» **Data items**
= Beginning of Section =

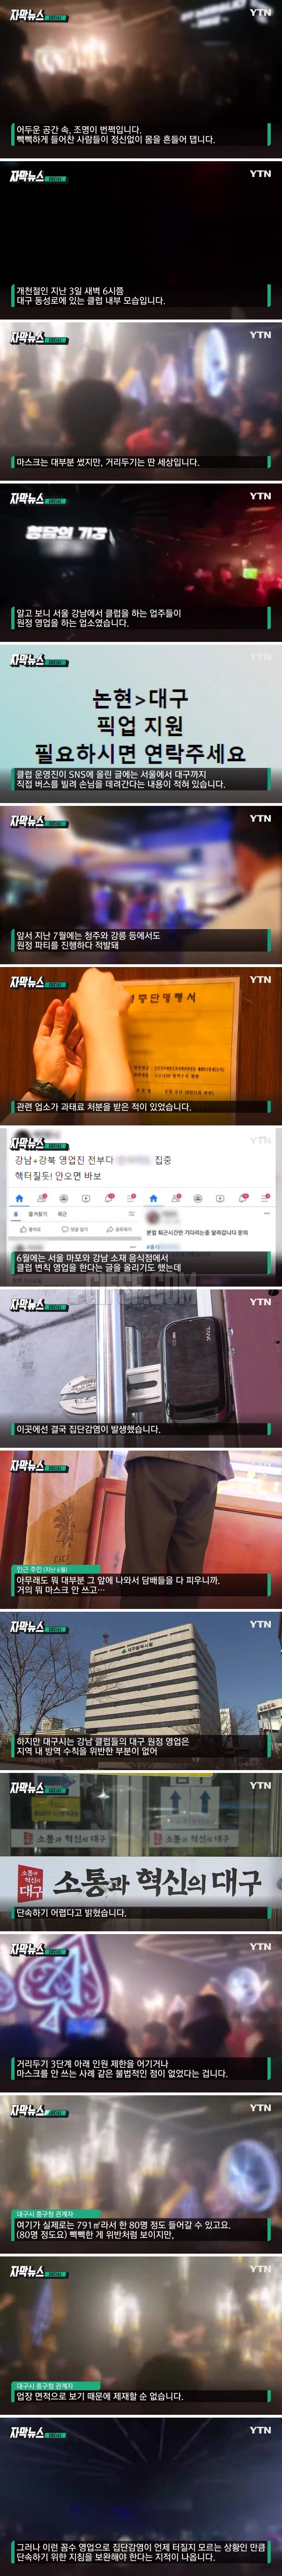 서울-지방 ',클럽 원정',. 단속하기 어려운 이유.jpg
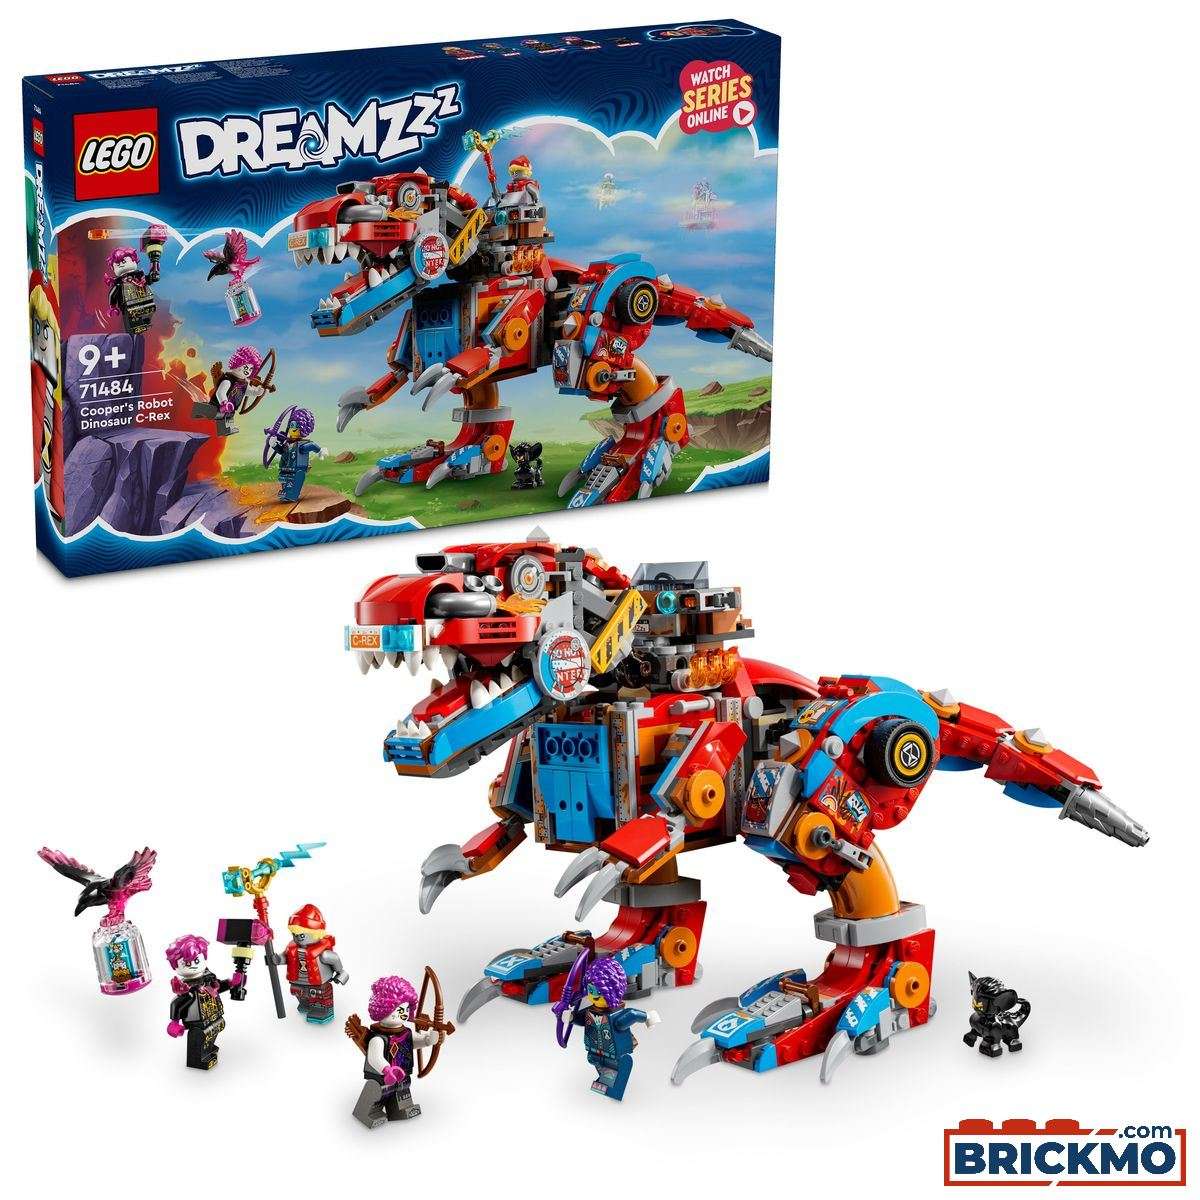 LEGO DreamZzz 71484 Le robot dinosaure C-Rex de Cooper 71484
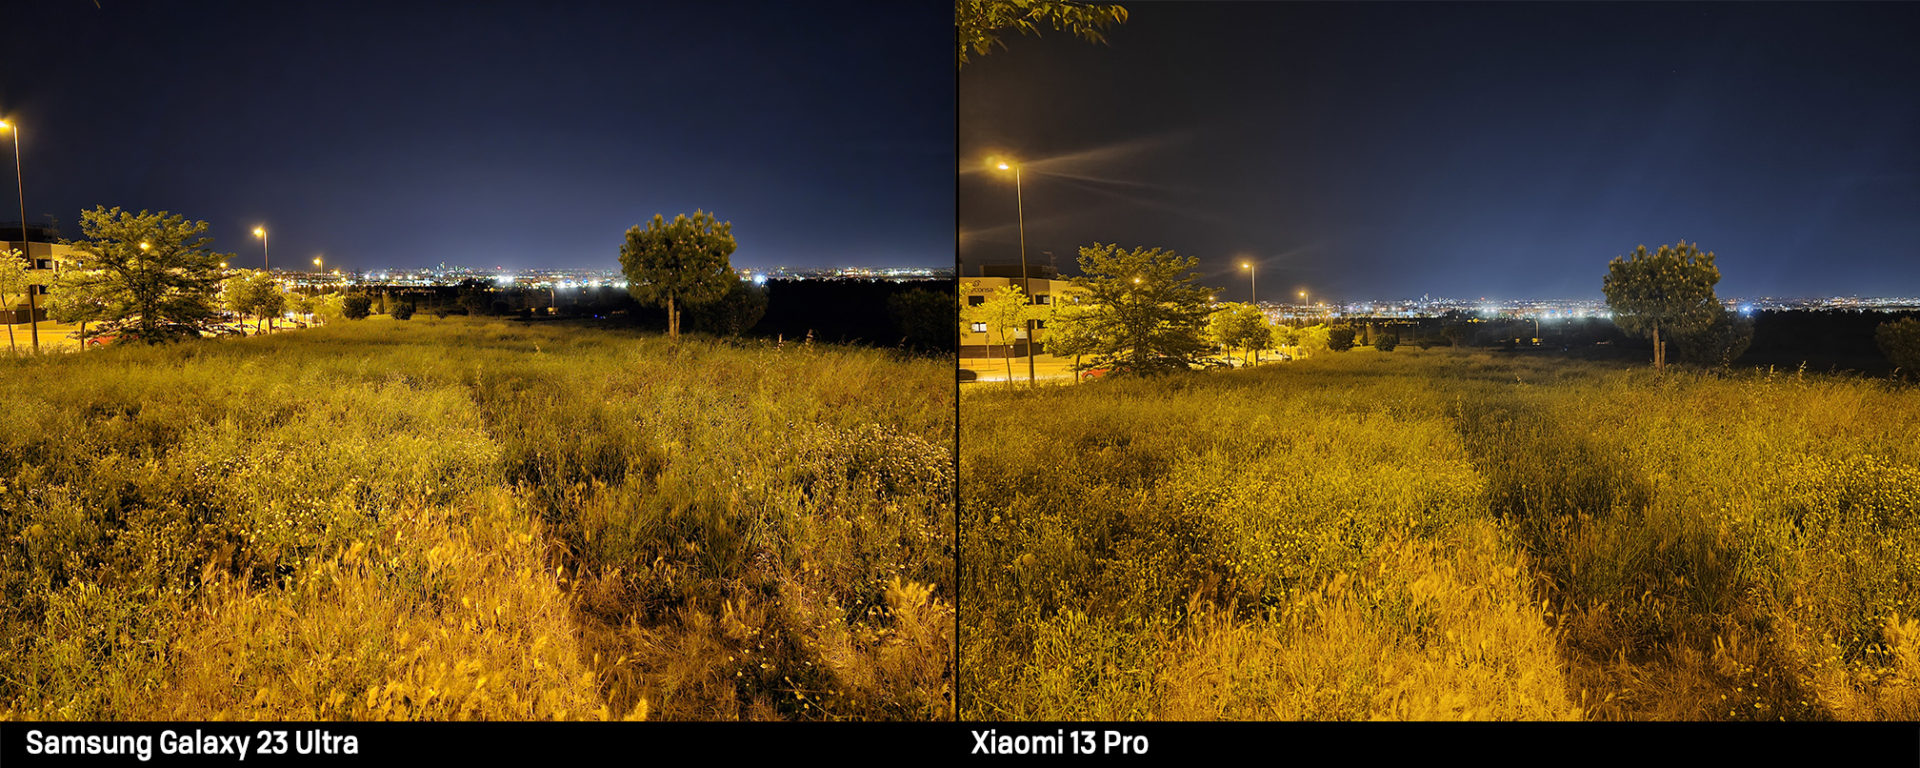 Comparativa foto nocturna Samsung S23 Ultra y Xiaomi 13 Pro
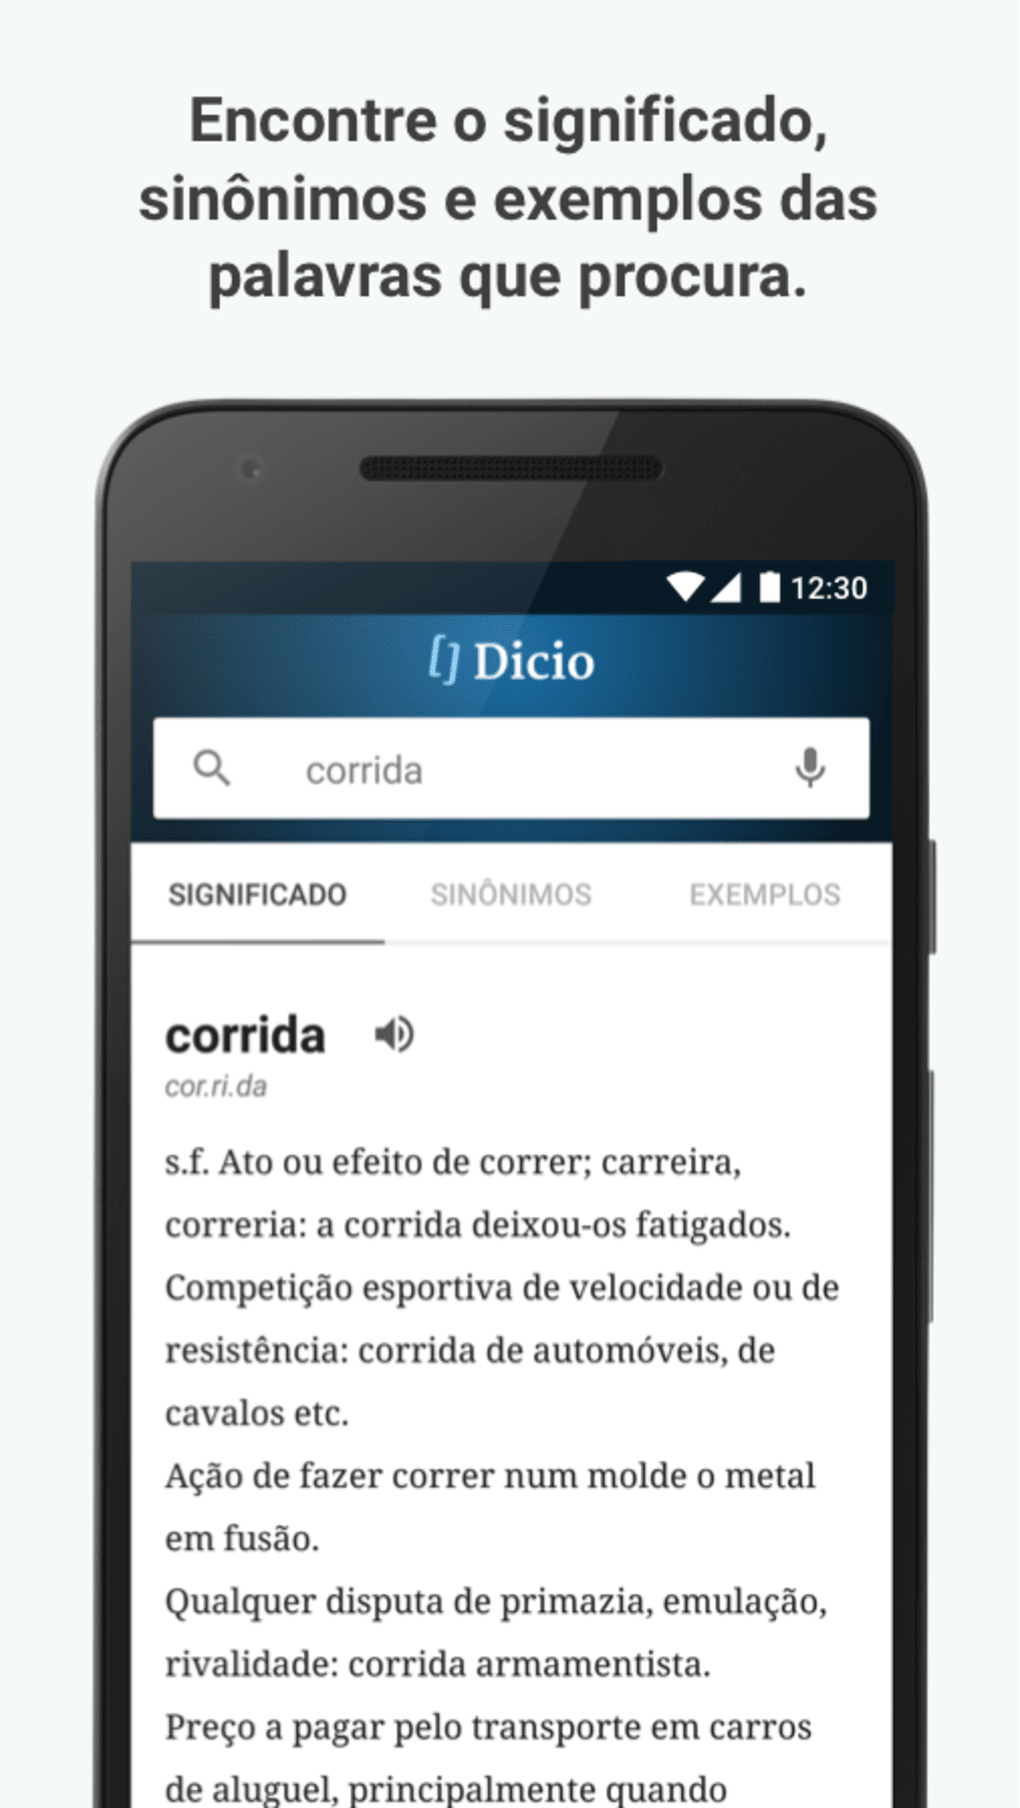 Delay - Dicio, Dicionário Online de Português
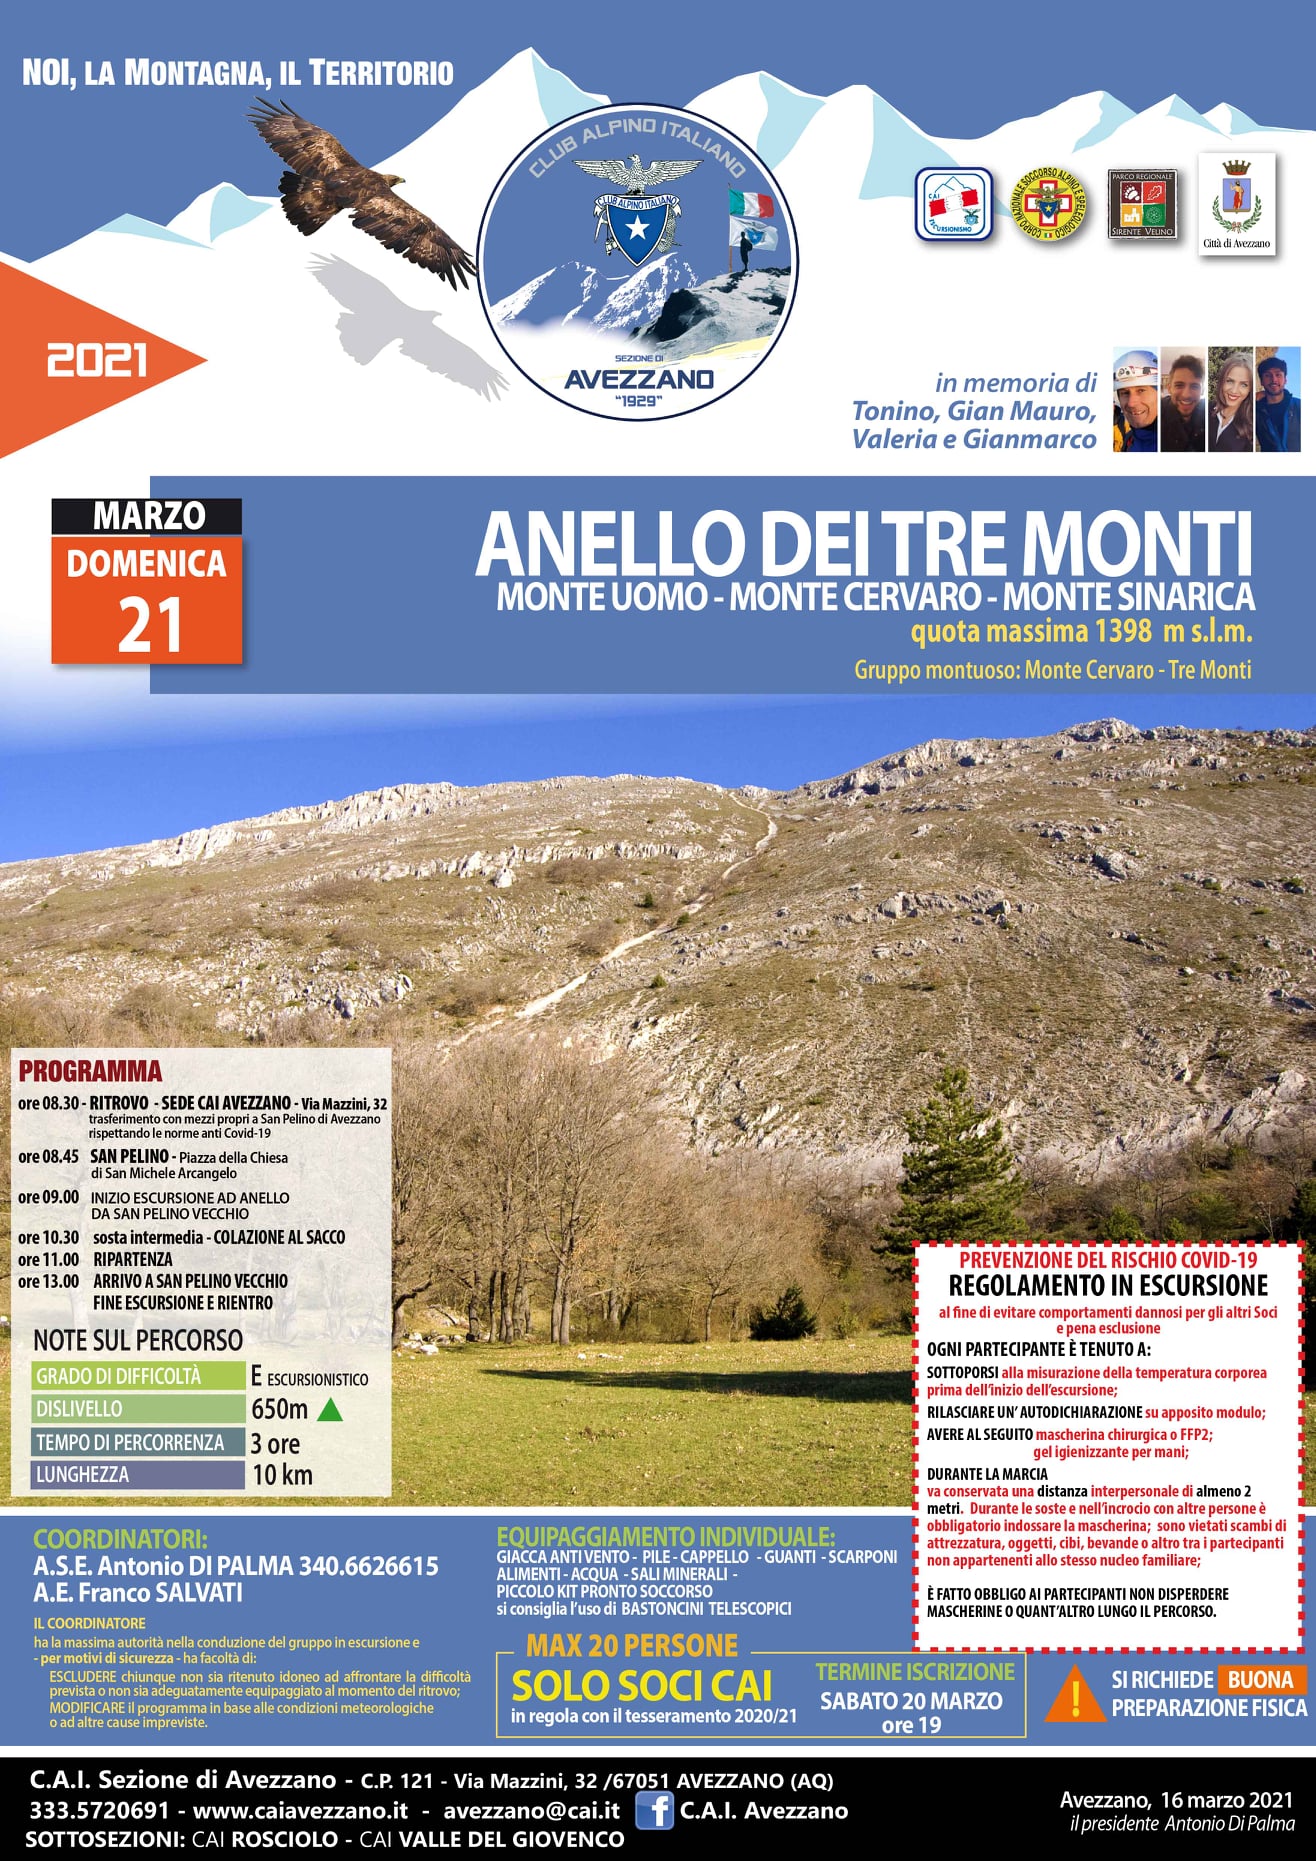 C.A.I. di Avezzano: annullata l’escursione “Monte Marine-Pizzoli”, al suo posto l'escursione “Anello dei tre monti”
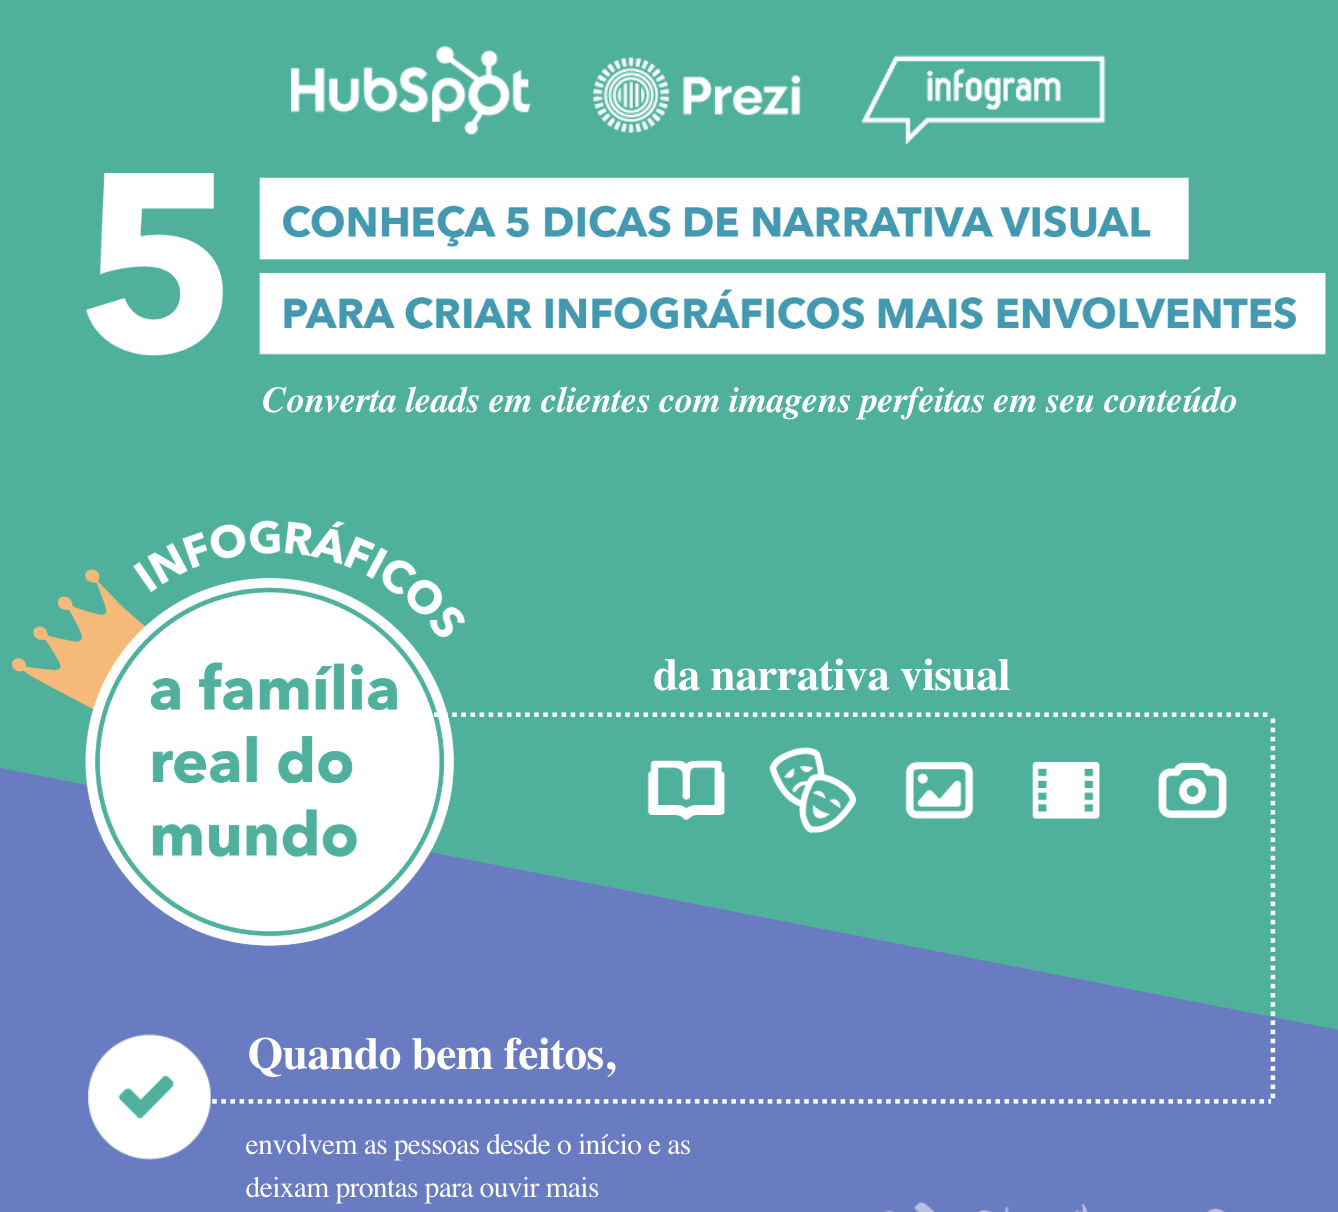 Narrativa visual - co-marketing HubSpot, Prezi, Infogram

= End of Section =

An exact copy of all the lines above is required, with the pictures removed.

 서울-지방 ',클럽 원정',. 단속하기 어려운 이유.jpg
 LEGO DreamZzz 71484 Le robot dinosaure C-Rex de Cooper 71484
 Comparativa foto nocturna Samsung S23 Ultra y Xiaomi 13 Pro
 Delay - Dicio, Dicionário Online de Português
 C.A.I. di Avezzano: annullata l’escursione “Monte Marine-Pizzoli”, al suo posto l'escursione “Anello dei tre monti”
 Narrativa visual - co-marketing HubSpot, Prezi, Infogram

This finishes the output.